Department of Orthopedics, The Second Hospital of Jilin University, Jilin, China.
IUBMB Life. 2019 Oct;71(10):1552-1560. doi: 10.1002/iub.2077. Epub 2019 Jul 13.
Rheumatoid arthritis is a common chronic inflammatory joint disease. Fibroblast-like synoviocytes-mediated inflammation is closely associated with the development of rheumatoid arthritis. In this study, we report that P2Y11 receptor activity is required for cytokine-induced inflammation in primary fibroblast-like synoviocytes (FLS). P2Y11R is fairly expressed in primary FLS isolated from healthy subjects and is elevated to around three- to four-fold in rheumatoid arthritis-derived FLS. The expression of P2Y11R is inducible upon IL-1β treatment. Blockage of P2Y11R by its antagonist suppresses IL-1β-induced TNF-α and IL-6 induction and ameliorates oxidative stress as determined by levels of cellular ROS and the oxidative byproduct 4-HNE. Moreover, blockage of P2Y11R by NF340 inhibits IL-1β-induced matrix metalloproteinase protein expression as indicated by the levels of MMP-1, MMP-3, and MMP-13. Mechanistically, blockage of P2Y11R mitigates IL-1β-activated NFκB signaling, which was revealed by reduced IκBα phosphorylation, nuclear p65 accumulation, and NFκB promoter activity. Our study provides evidence of a protective mechanism of P2Y11R antagonist NF340 against cytokine-induced inflammation. Therefore, targeting P2Y11R could have potential therapeutic implication in the treatment of RA.

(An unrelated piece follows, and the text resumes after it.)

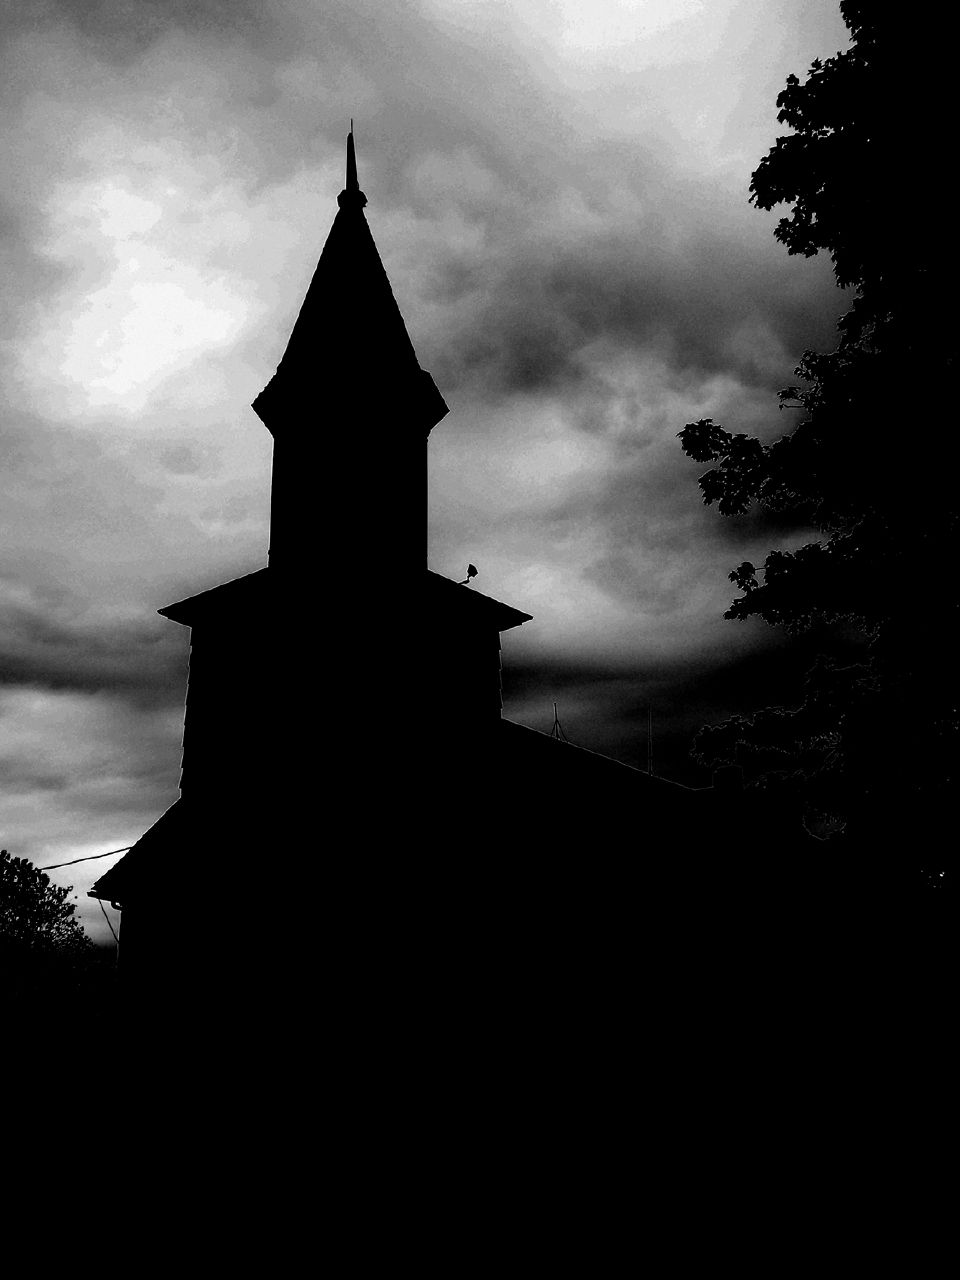 black and white po of a church spire with dark skies behind

类风湿关节炎是一种常见的慢性炎症性关节疾病。成纤维样滑膜细胞介导的炎症与类风湿关节炎的发展密切相关。在这项研究中,我们报告了 P2Y11 受体活性对于原代成纤维样滑膜细胞(FLS)中细胞因子诱导的炎症是必需的。P2Y11R 在来自健康受试者的原代 FLS 中表达相当,在类风湿关节炎衍生的 FLS 中升高约三到四倍。P2Y11R 的表达可被其拮抗剂抑制,抑制 P2Y11R 可抑制白细胞介素 1β诱导的肿瘤坏死因子-α和白细胞介素 6 的诱导,并减轻细胞 ROS 和氧化副产物 4-HNE 水平所确定的氧化应激。此外,NF340 通过阻断 P2Y11R 抑制白细胞介素 1β诱导的基质金属蛋白酶蛋白表达,如 MMP-1、MMP-3 和 MMP-13 的水平所示。在机制上,P2Y11R 阻断减轻了白细胞介素 1β激活的 NFκB 信号,这是通过减少 IκBα 磷酸化、核 p65 积累和 NFκB 启动子活性来揭示的。我们的研究提供了 P2Y11R 拮抗剂 NF340 对抗细胞因子诱导的炎症的保护机制的证据。因此,靶向 P2Y11R 在治疗 RA 中可能具有潜在的治疗意义。